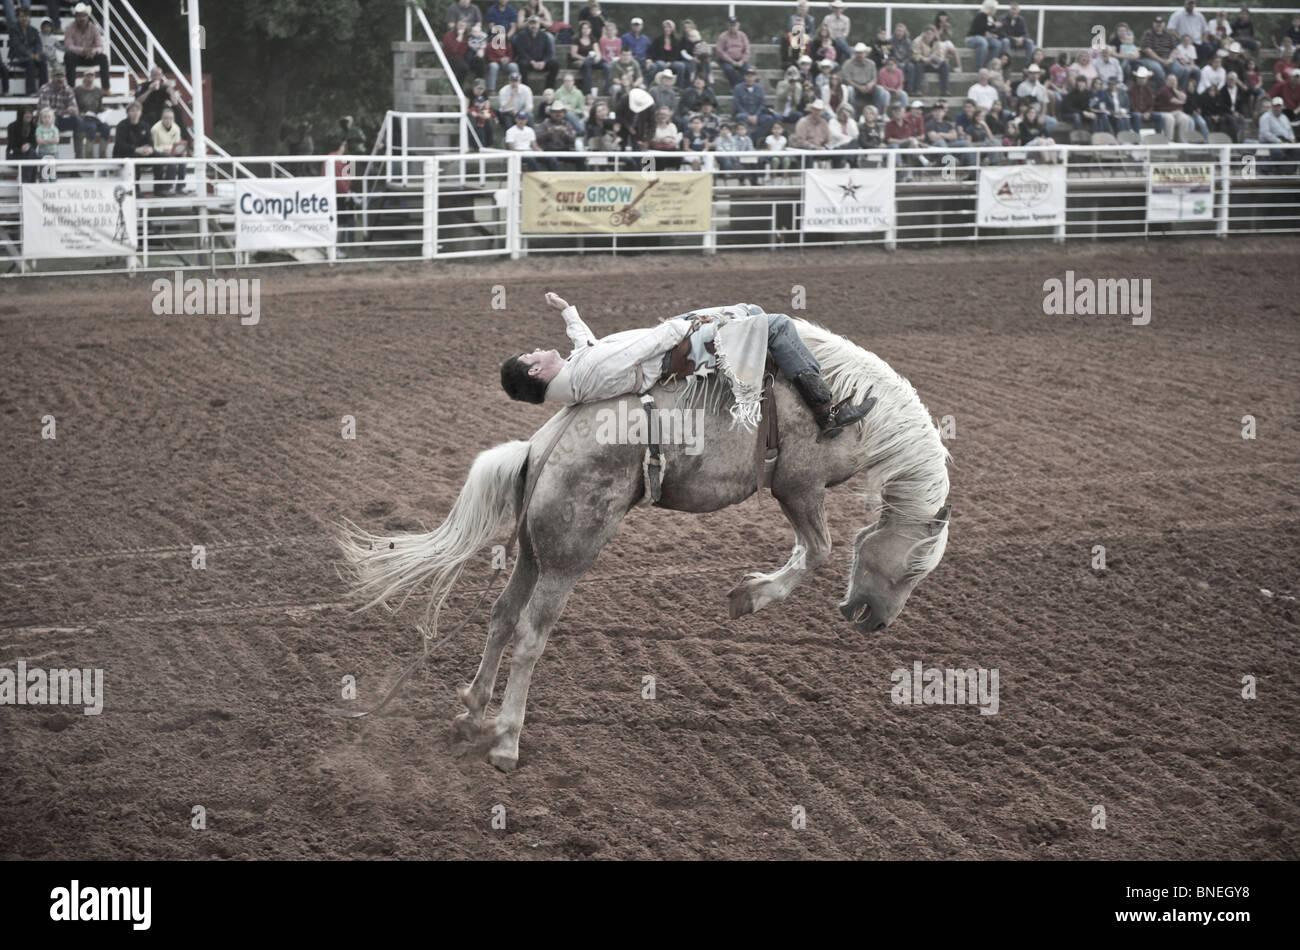 L'essayant de jeter Rodeo Cowboy membre de l'érythroblastopénie à partir de son retour à Petite-ville Bridgeport, Texas, États-Unis Banque D'Images
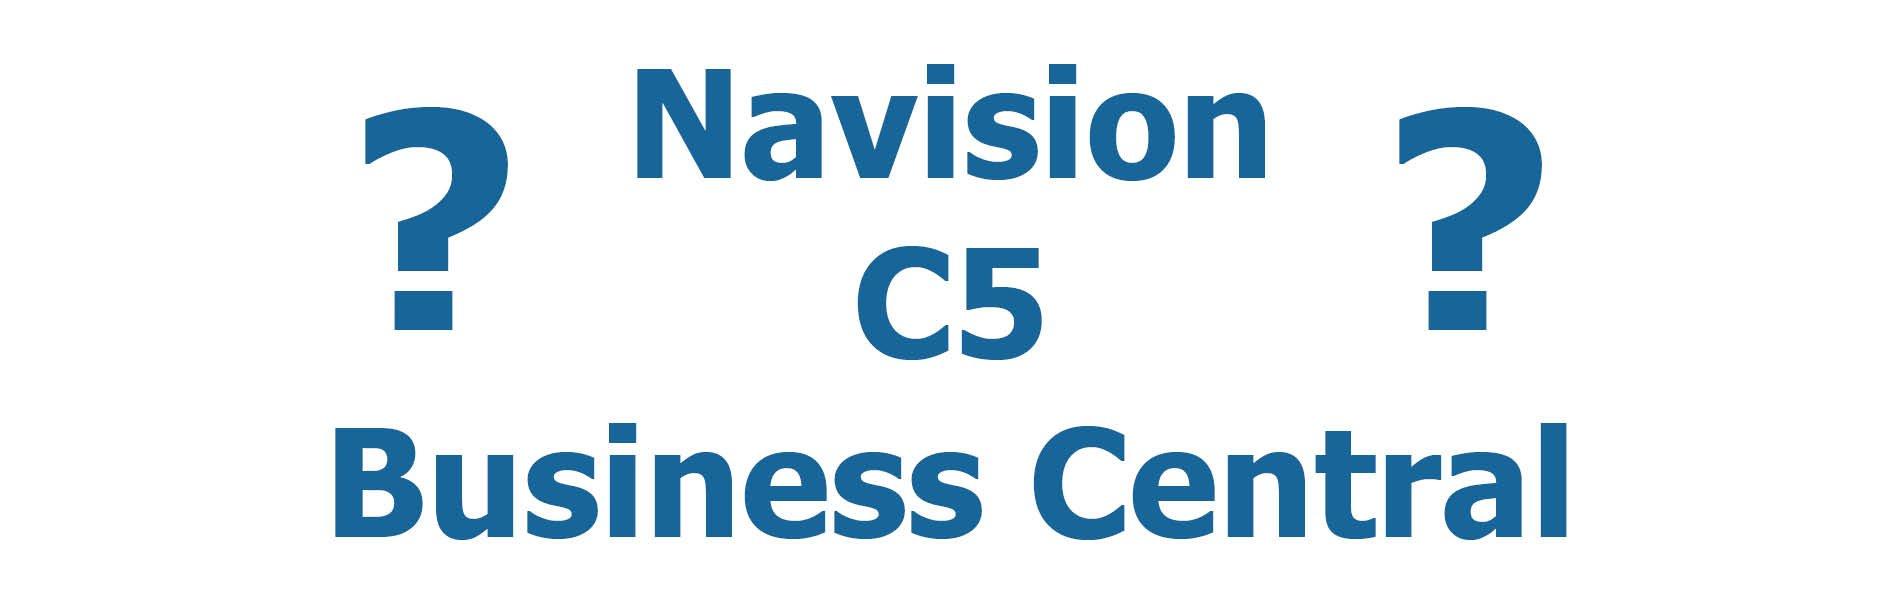 Navision, C5, Blog
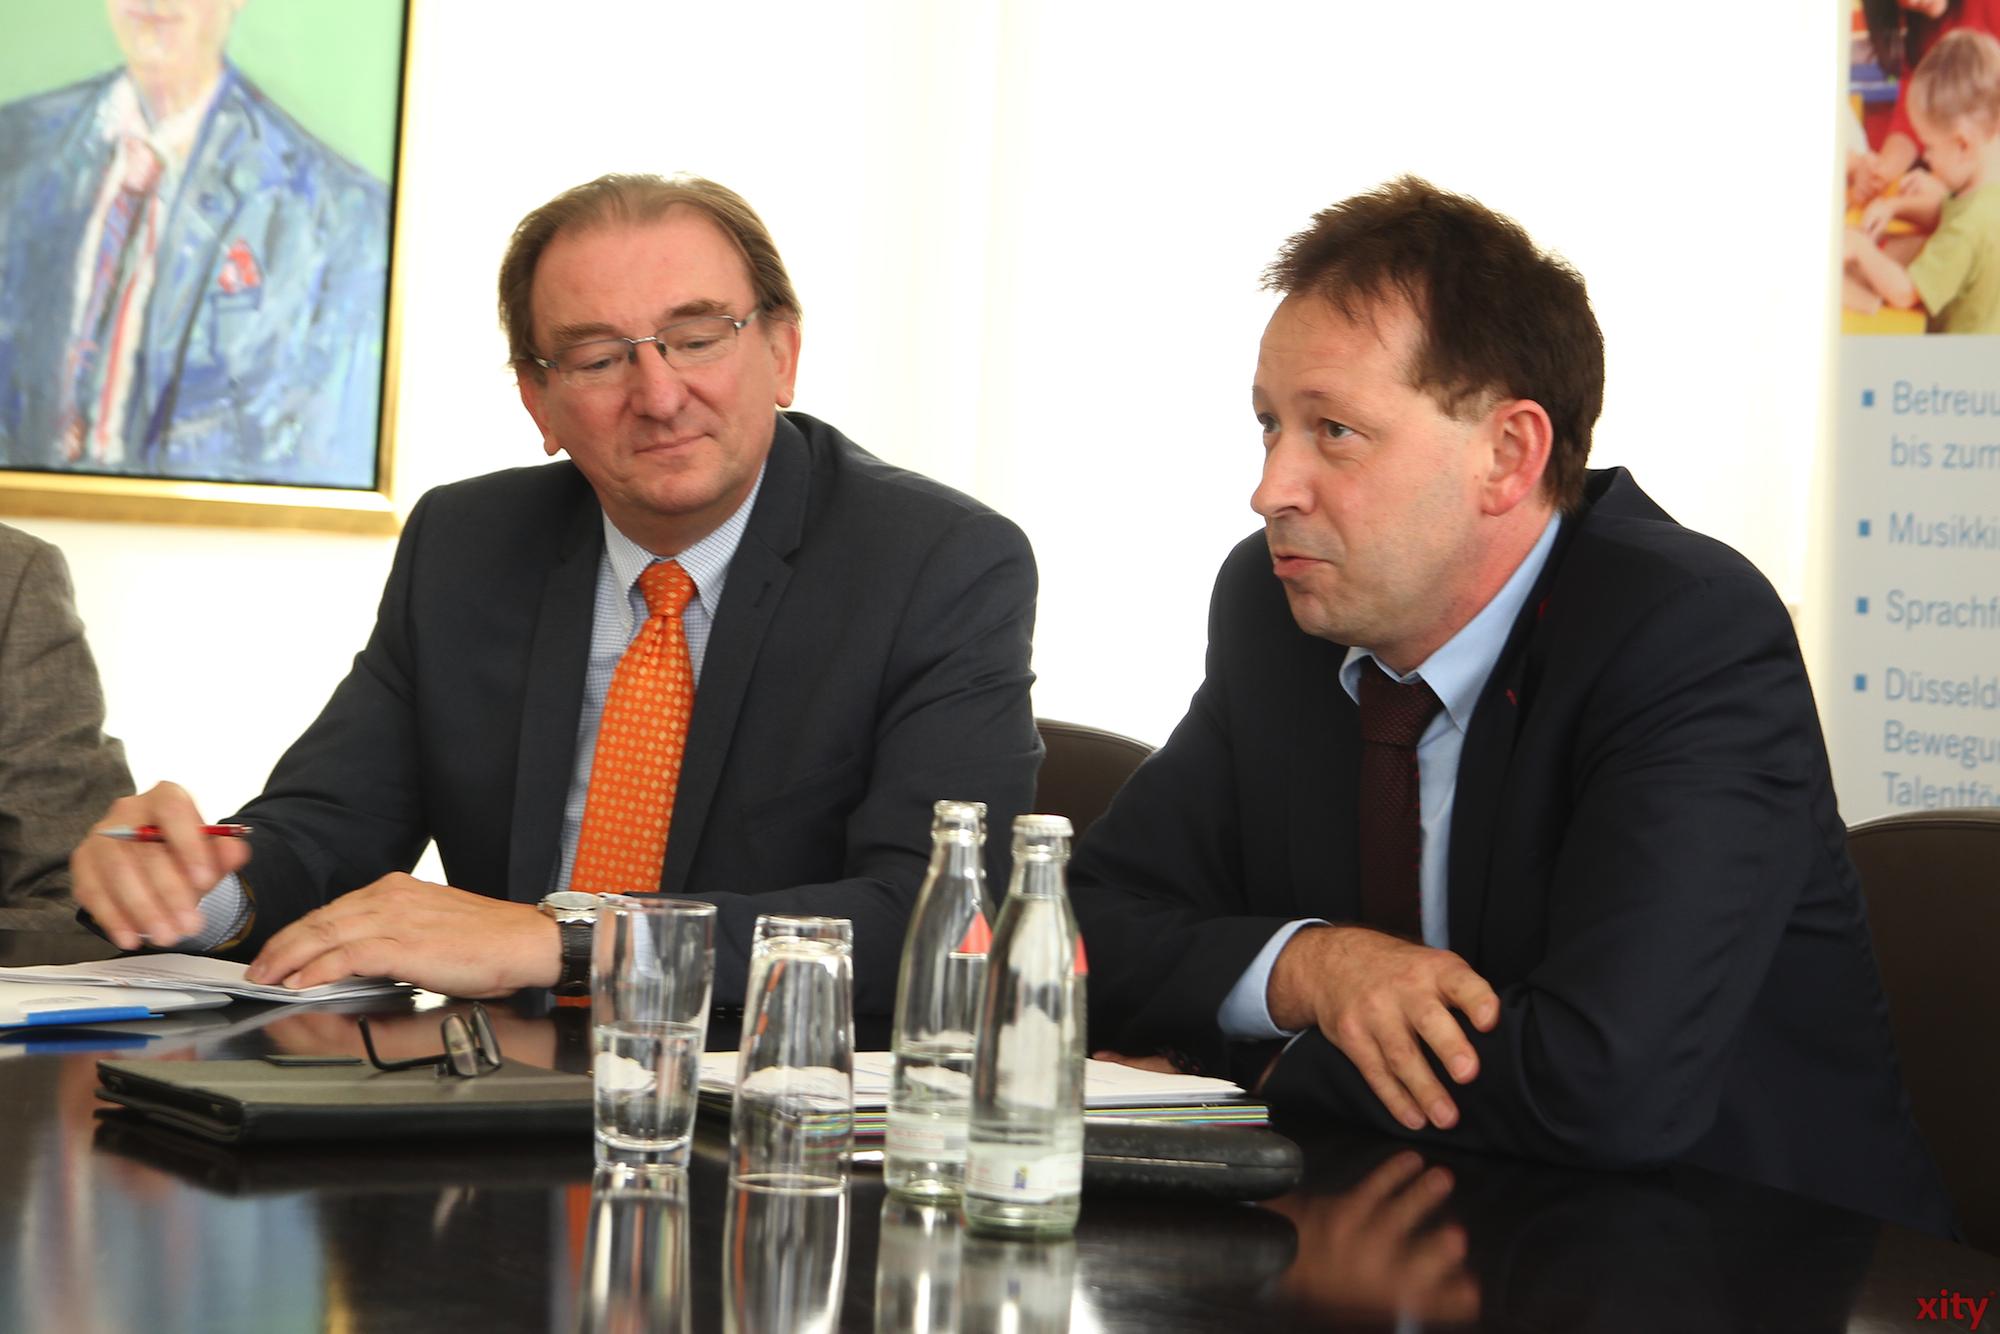 Jugendamtsleiter Johannes Horn und Jugenddezernent Burkhard Hintzsche (Foto: xity)

• [What you have to do]: Omit all pictures, and repeat exactly the lines from the line containing "Navision, C5, Blog" through the end of the data.

• [Exercise result]:
 Navision, C5, Blog
 Jugendamtsleiter Johannes Horn und Jugenddezernent Burkhard Hintzsche (Foto: xity)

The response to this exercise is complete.